The Grapevine

EpiPen Shortage Frustrates Doctors And Patients

It has been a year since manufacturers reported the EpiPen shortage and the lack of supply is expected to continue in the coming months. Doctors and consumers have already voiced concerns amid the growing demand for the device that has been effective to stop life-threatening food allergies.

“We didn’t expect it to go this long,” Todd Mahr, a Wisconsin-based allergist and parent of a child with food allergies, told WebMD. “And that’s frustrating to us and our patients.”

EpiPen serves as an auto-injection tool for immediate delivery of doses of epinephrine to stop severe and potentially deadly allergic reactions. It has been widely accepted at clinics and even schools to treat children. 

However, Steve Danehy, director of media relations at Pfizer, said the shortage that started in May 2018 may continue over the coming months.
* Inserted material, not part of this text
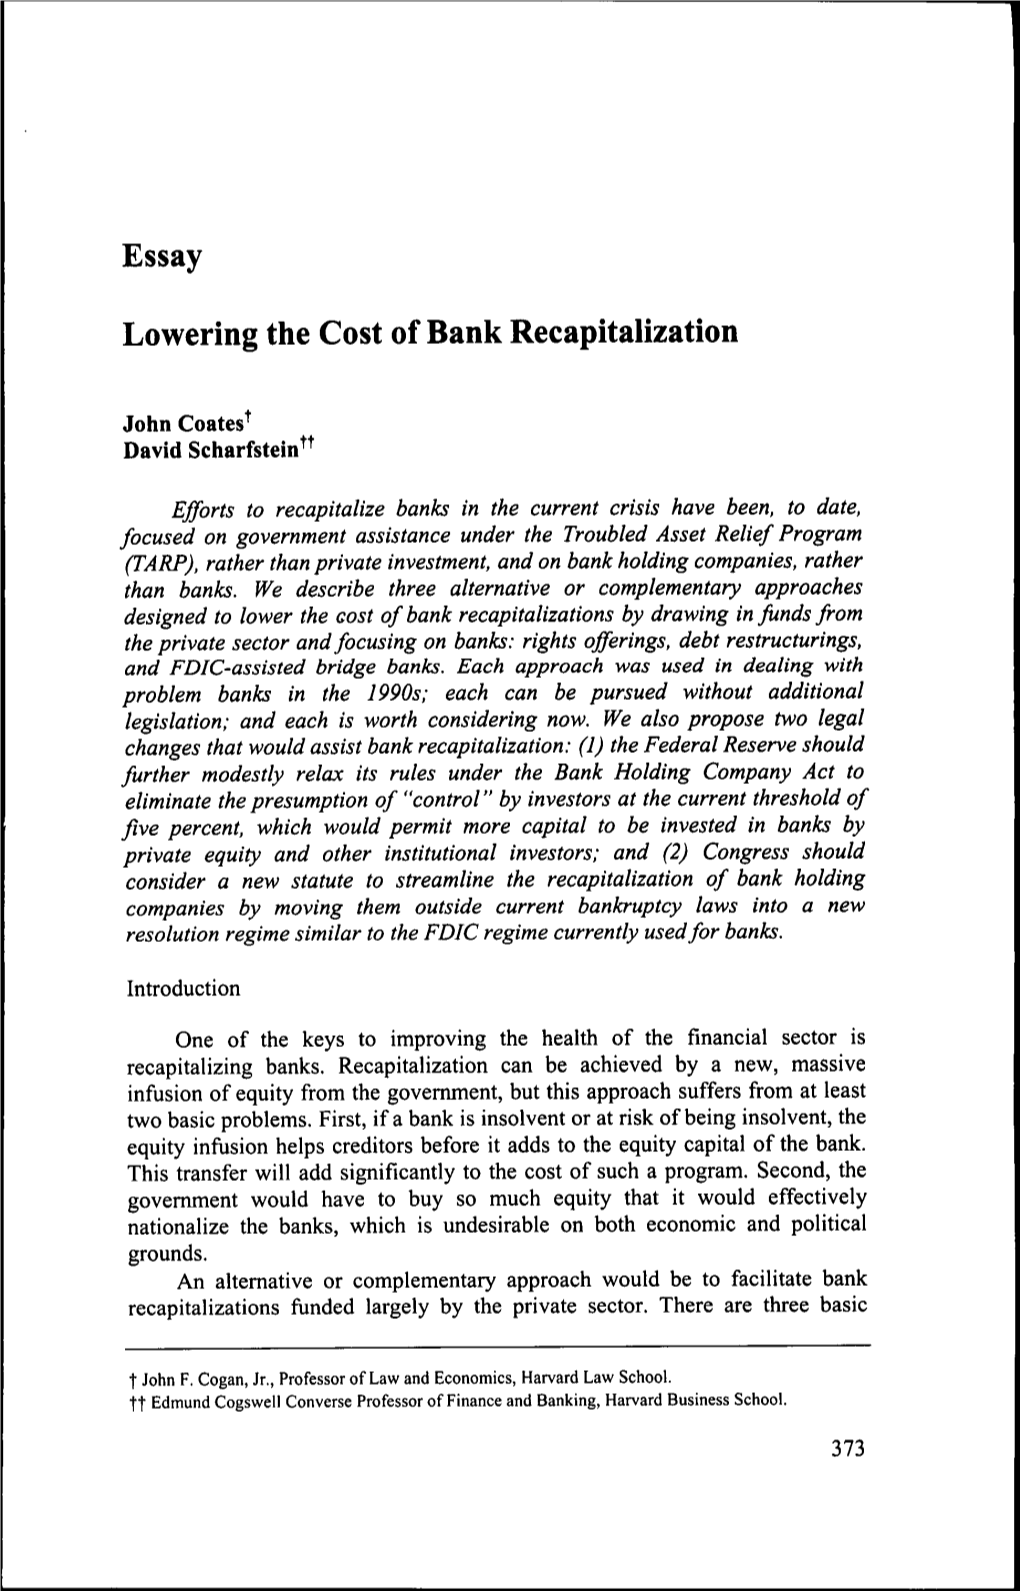 Essay Lowering the Cost of Bank Recapitalization
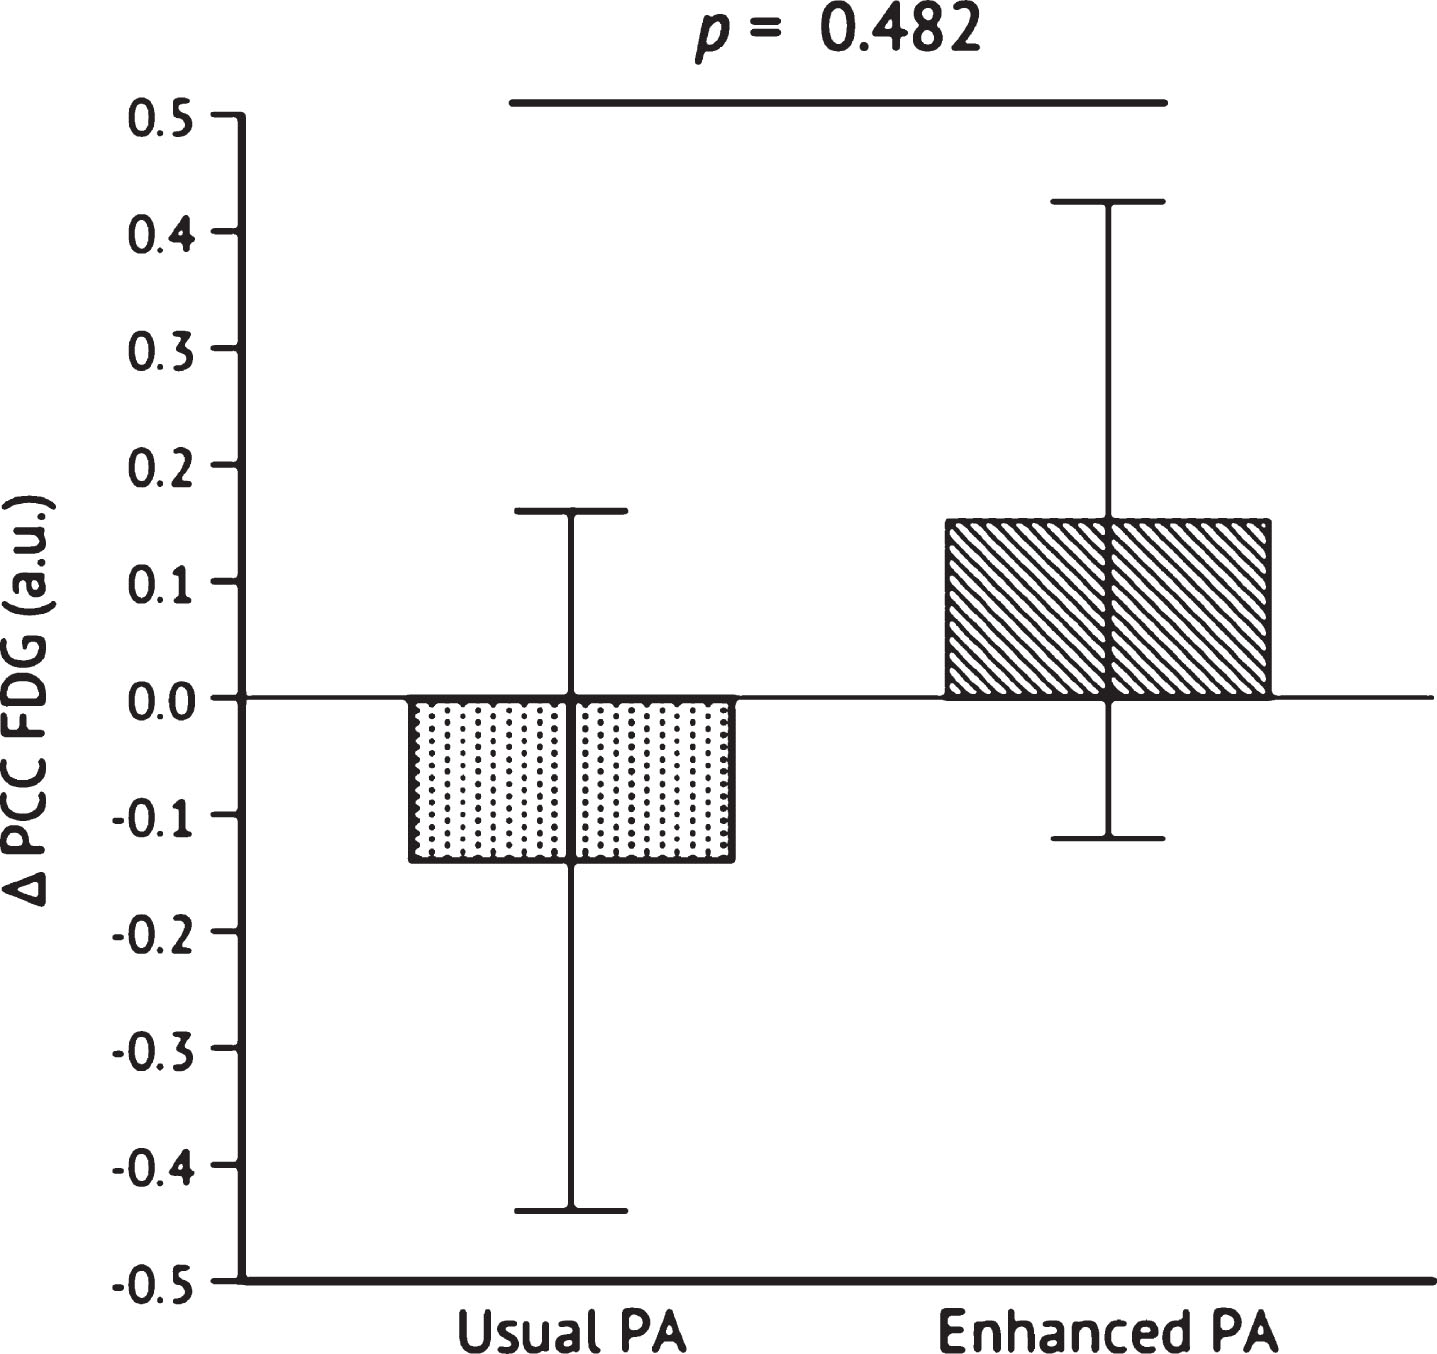 Change in PCC FDG uptake after the 26-week intervention. Independent samples t-test was conducted to determine the statistical significance of the difference between Usual PA (n = 12) and Enhanced PA (n = 11). Abbreviations: Posterior cingulate cortex 18F-fluorodeoxyglucose (PCC FDG); physical activity (PA).

Some experts claimed the EpiPens shortage was linked to Pfizer’s subsidiary, Meridian Medical Technologies, which manufactures the devices. 

Meridian reportedly made a long manufacturing shutdown for maintenance and upgrades during the winter, which contributed to the EpiPen shortage. The company also saw unplanned equipment downtime that delayed the production process. 

Danehy said the company is already working to address the shortage as quickly as possible. But he noted Pfizer has yet to finalize a timetable for the efforts. 

EpiPen Shortage and Impacts

Distributors of the tool expects to see a large demand in the summer as most parents plan to refill to prepare for a new school year. 

“This is a big deal,” Erin Malawer, a parent of a child with food allergies and an award-winning blogger focused on allergies, said. “People are frustrated, calling all over their cities, getting on waiting lists at pharmacies. Families are worried about using their auto-injectors for fear that they might not be able to replace them. That's a dangerous thought.”

In the U.S., 32 million people are estimated to have food allergies, including 5.6 million children. Between 2007 and 2016, the country saw a 377 percent increase in the cases of allergic reactions, according to Lisa Gable, CEO of Food Allergy Research & Education.